:: Data section ::
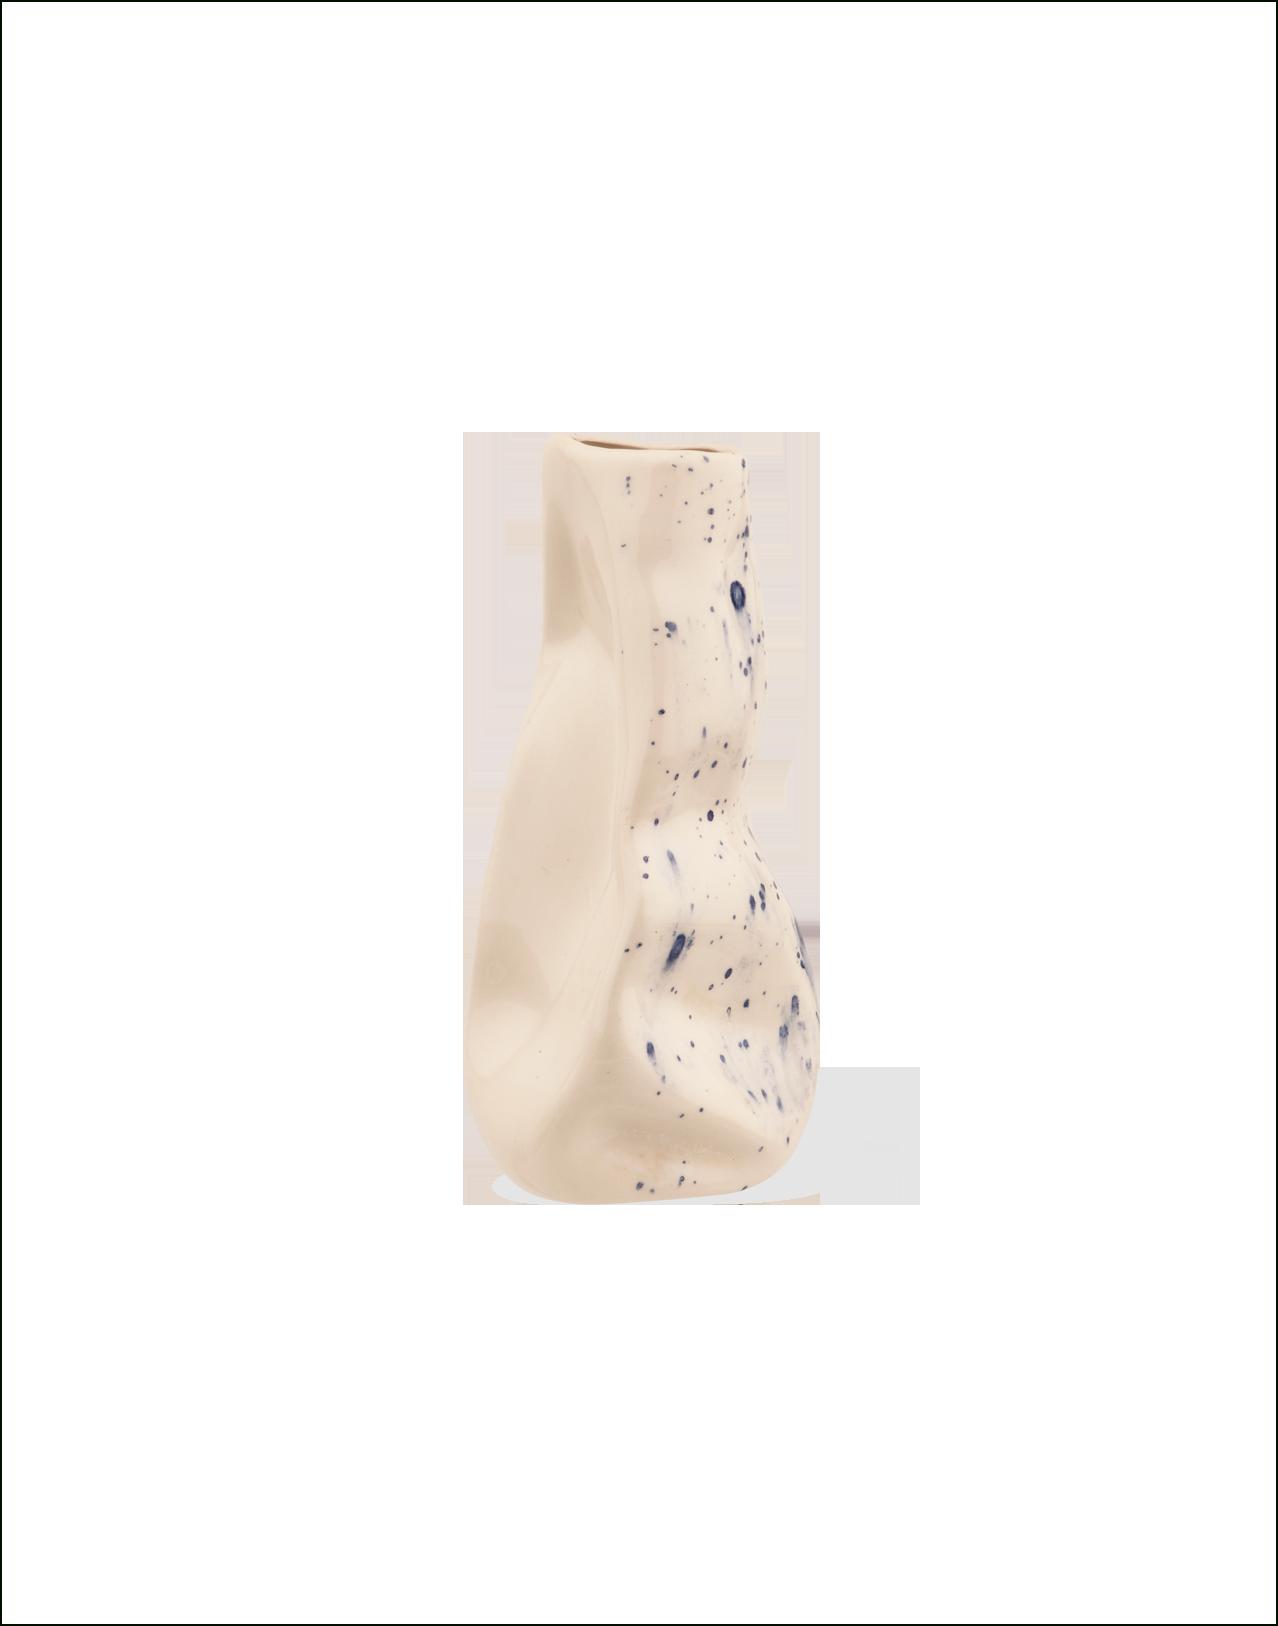 Completedworks-Ceramics-Object-15-2-1.png
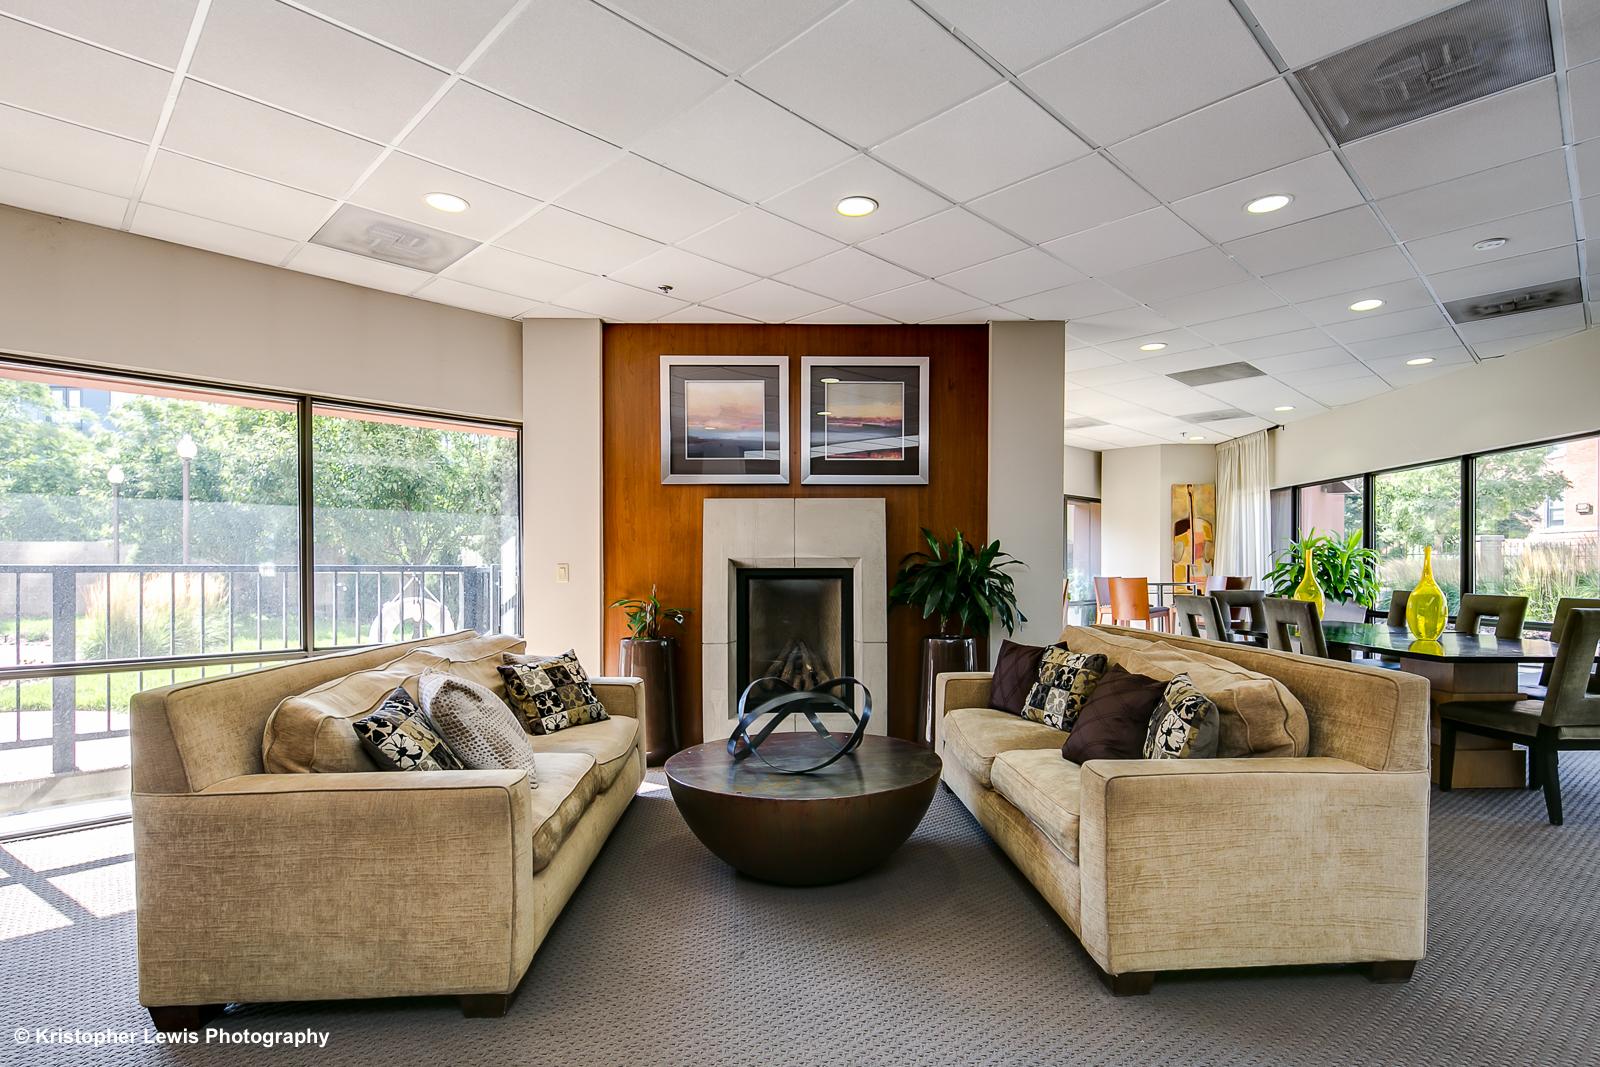 100 Park Ave West Uptown Denver Apartments Boutique
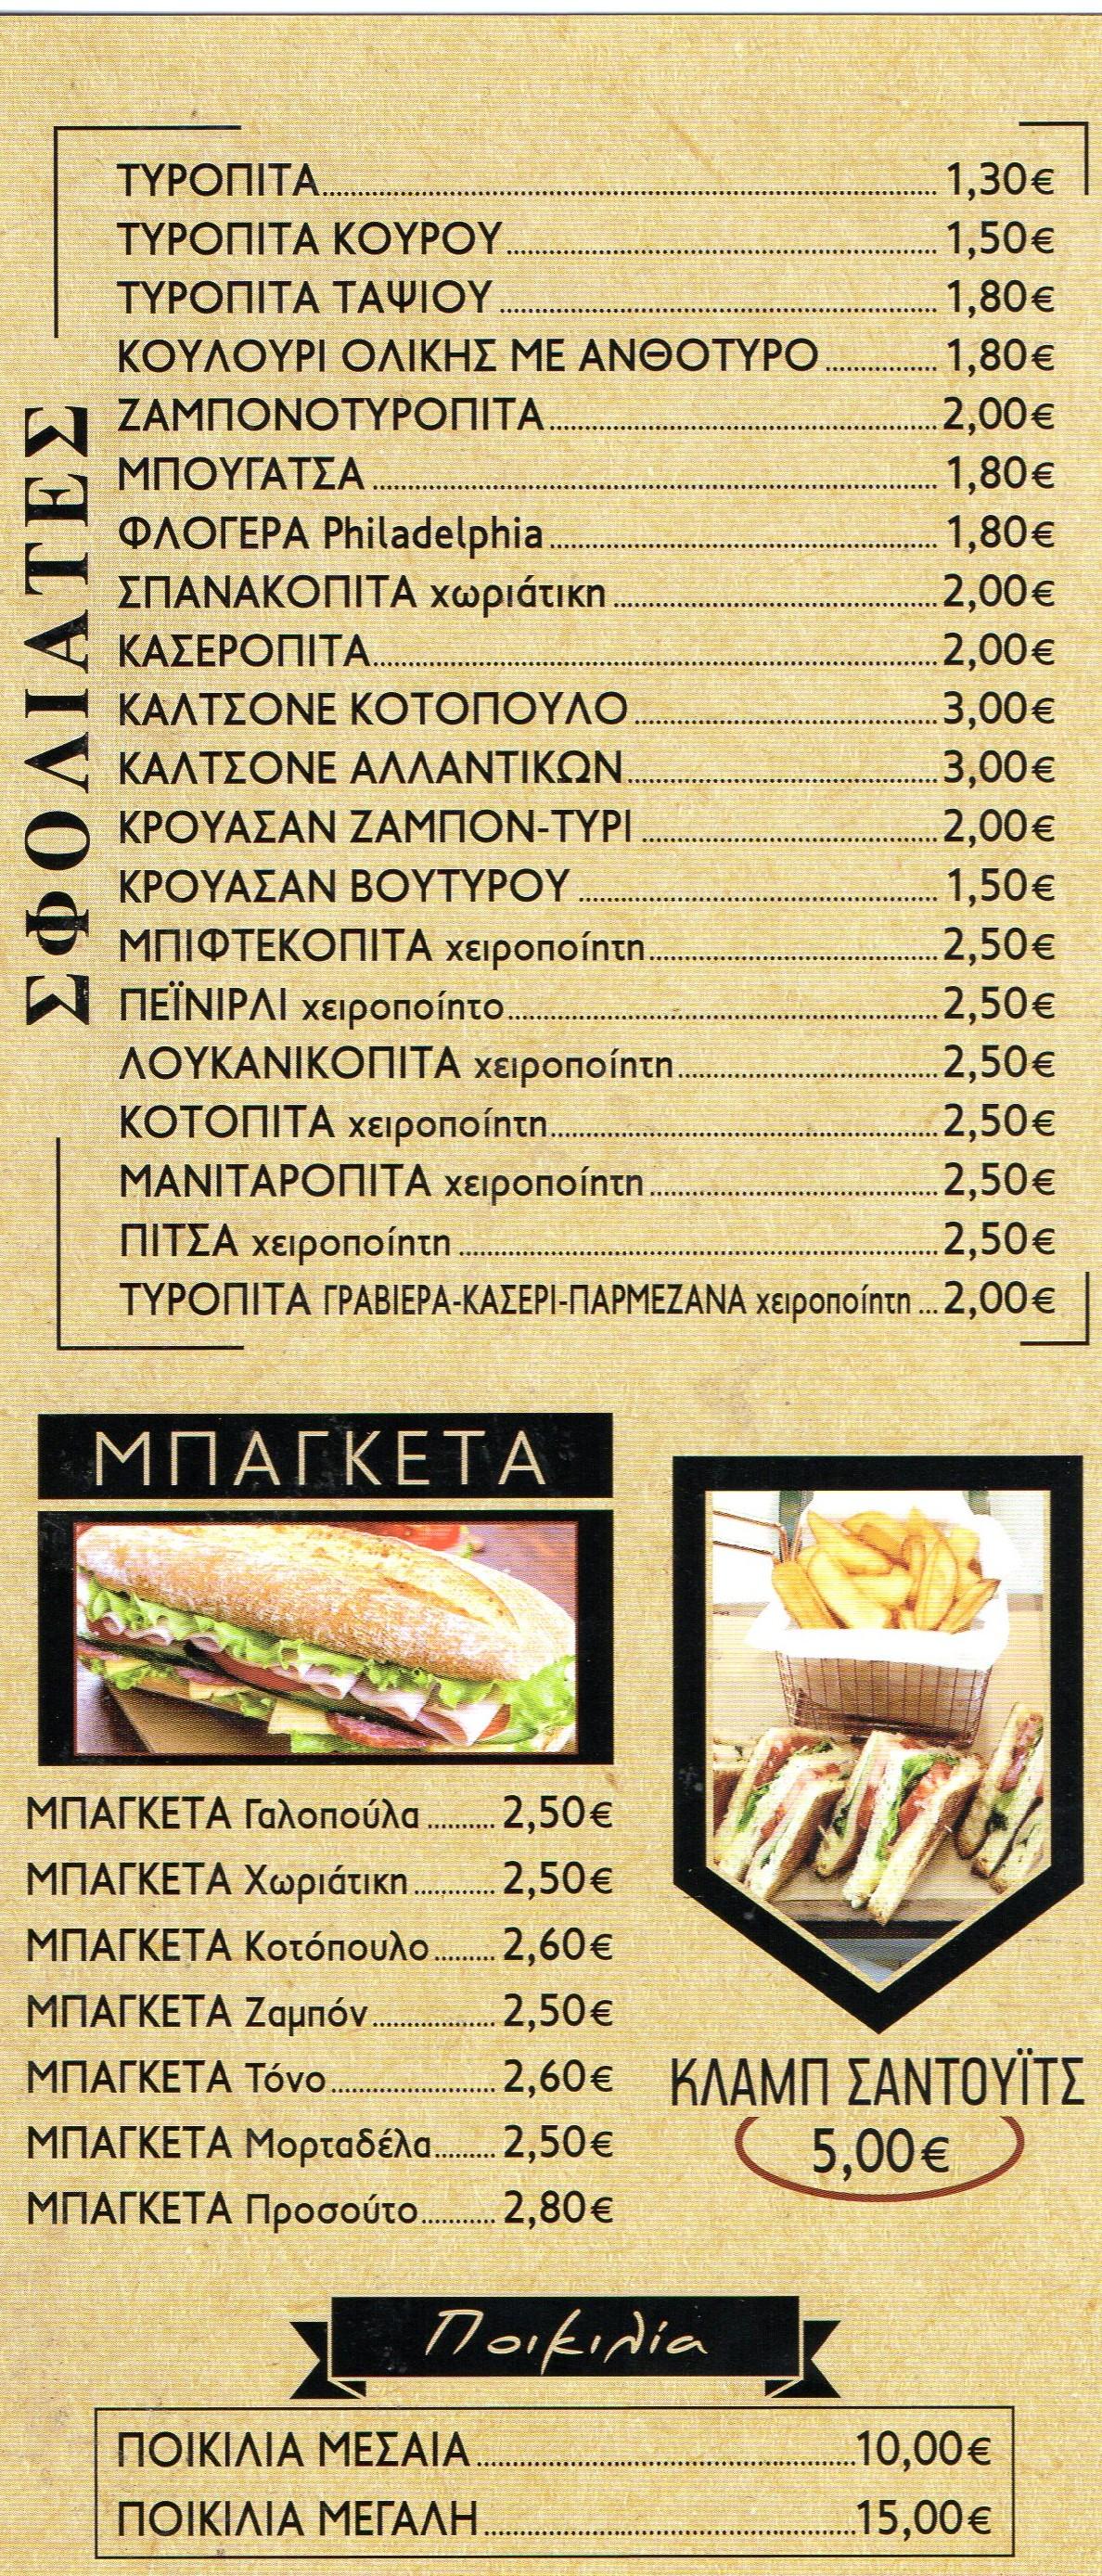 Για σφολιάτες, σαλάτες, σάντουιτς, κρέπες καφέ «Μαυροειδής» delivery και στην Καλαμάτα

:: What you will do ::
Starting with the line that holds "100 Park Ave", reproduce exactly each line up to and including the last line of the material above, and drop the pictures.

:: Solution below ::
 100 Park Ave West Uptown Denver Apartments Boutique
 Για σφολιάτες, σαλάτες, σάντουιτς, κρέπες καφέ «Μαυροειδής» delivery και στην Καλαμάτα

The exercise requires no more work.